→ Brief
Return the data exactly, apart from leaving out the pictures.

→ Data shown
-- -- --
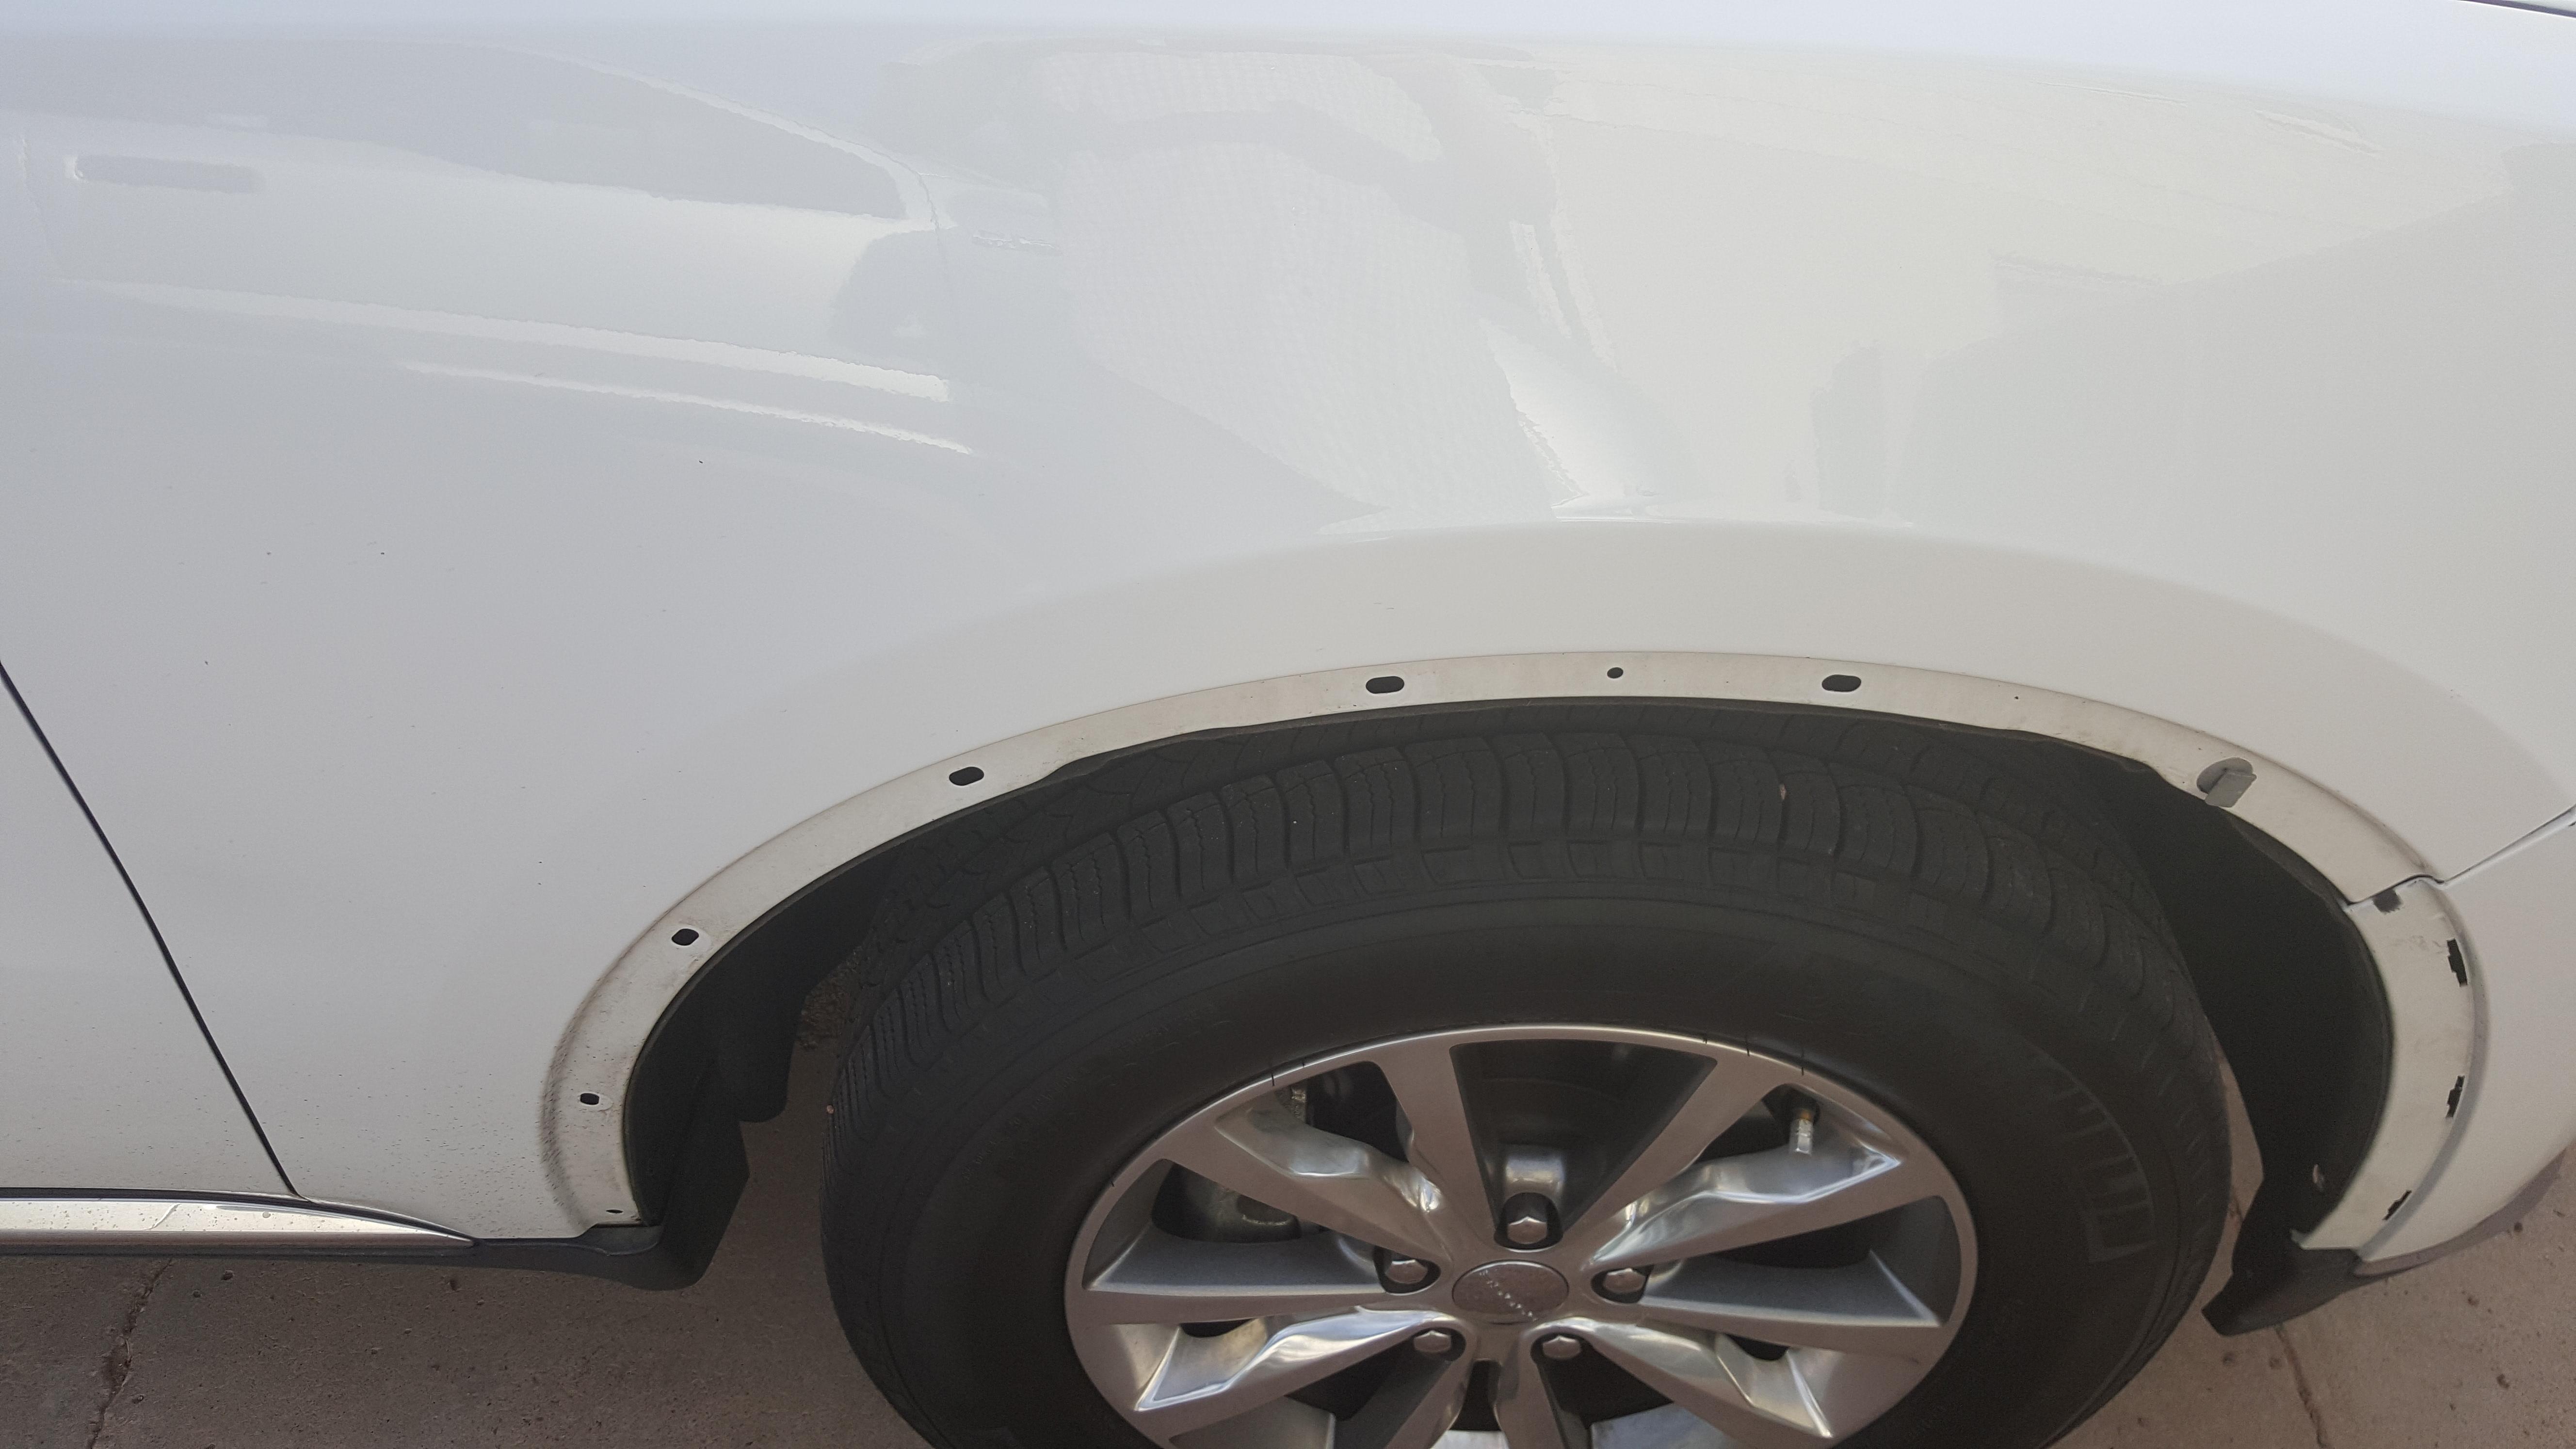 Clean Freak Car Wash 711 Grand Ave, Phoenix, AZ 85007 - YP.com
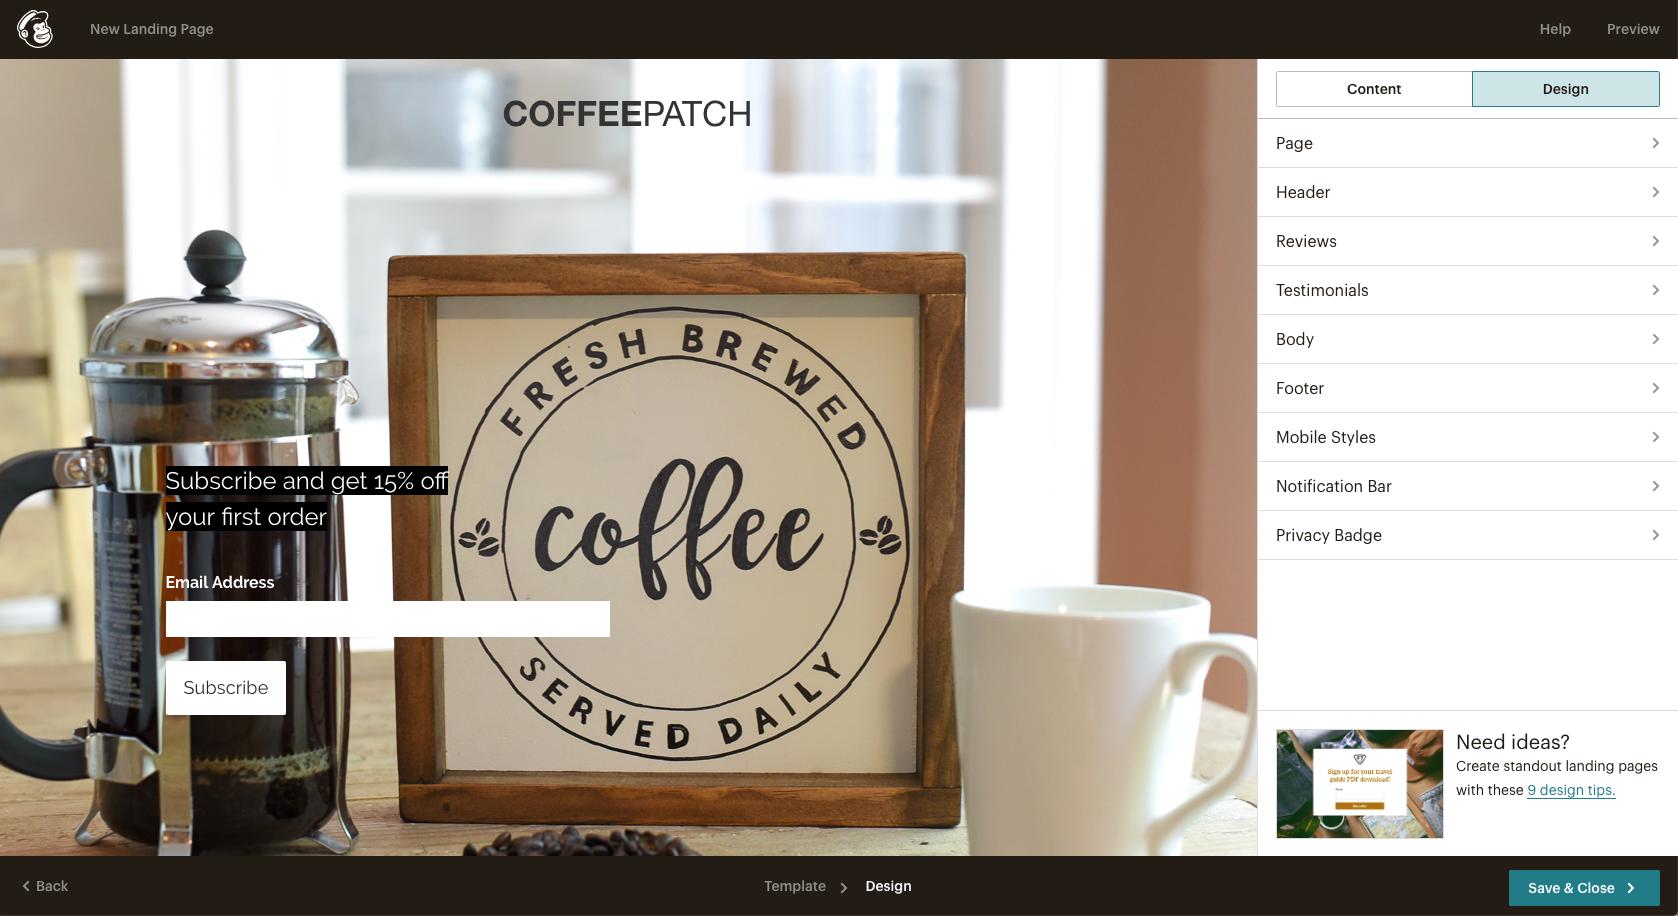 Mailchimp email design interface
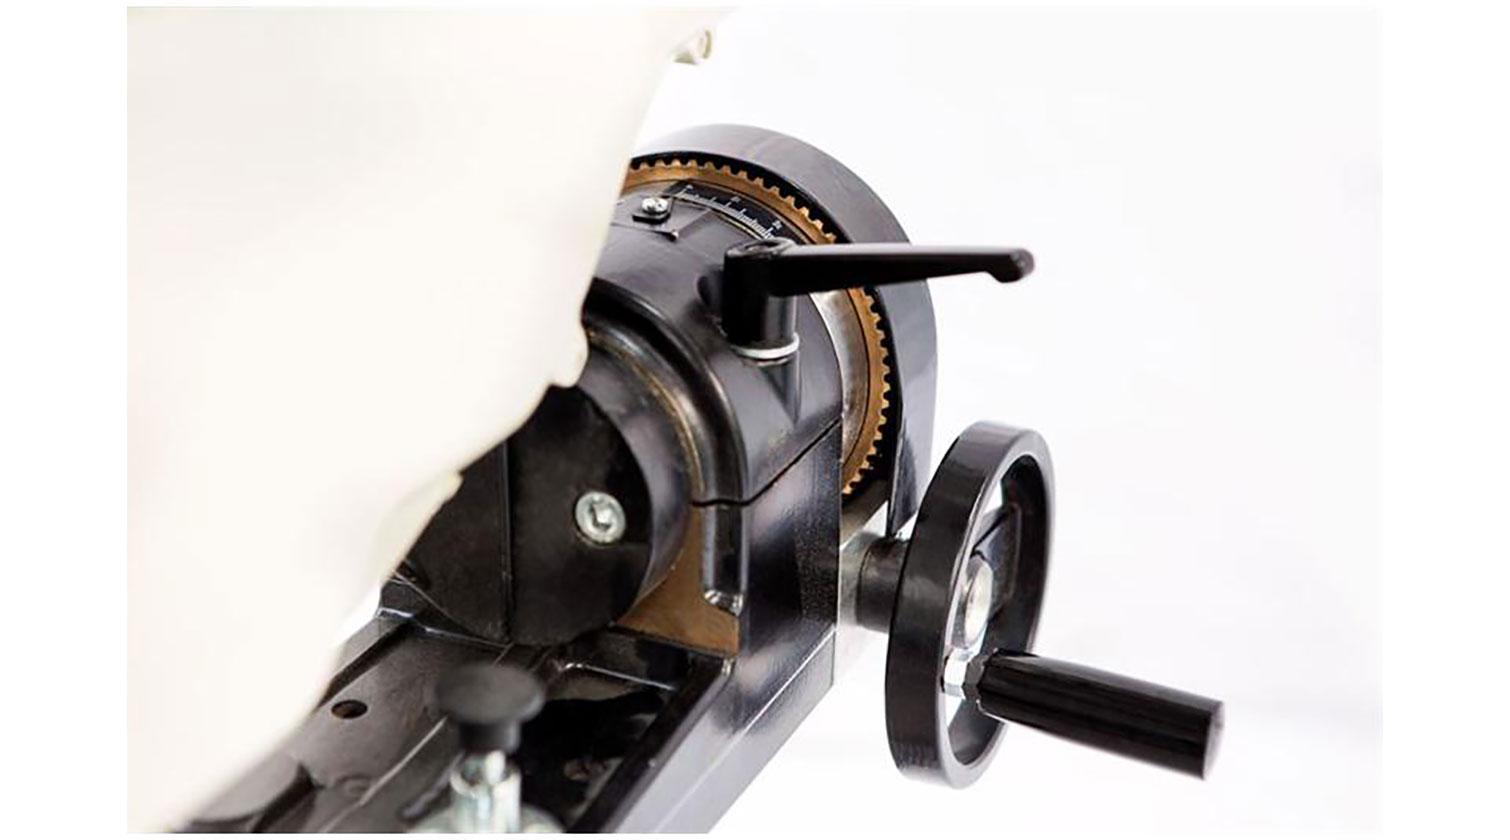 INT aluminum radial arm compound saw Yilmaz RYK 420 tilting mechanism
-- -- --
→ Response to this task
 Clean Freak Car Wash 711 Grand Ave, Phoenix, AZ 85007 - YP.com
 Mailchimp email design interface
 INT aluminum radial arm compound saw Yilmaz RYK 420 tilting mechanism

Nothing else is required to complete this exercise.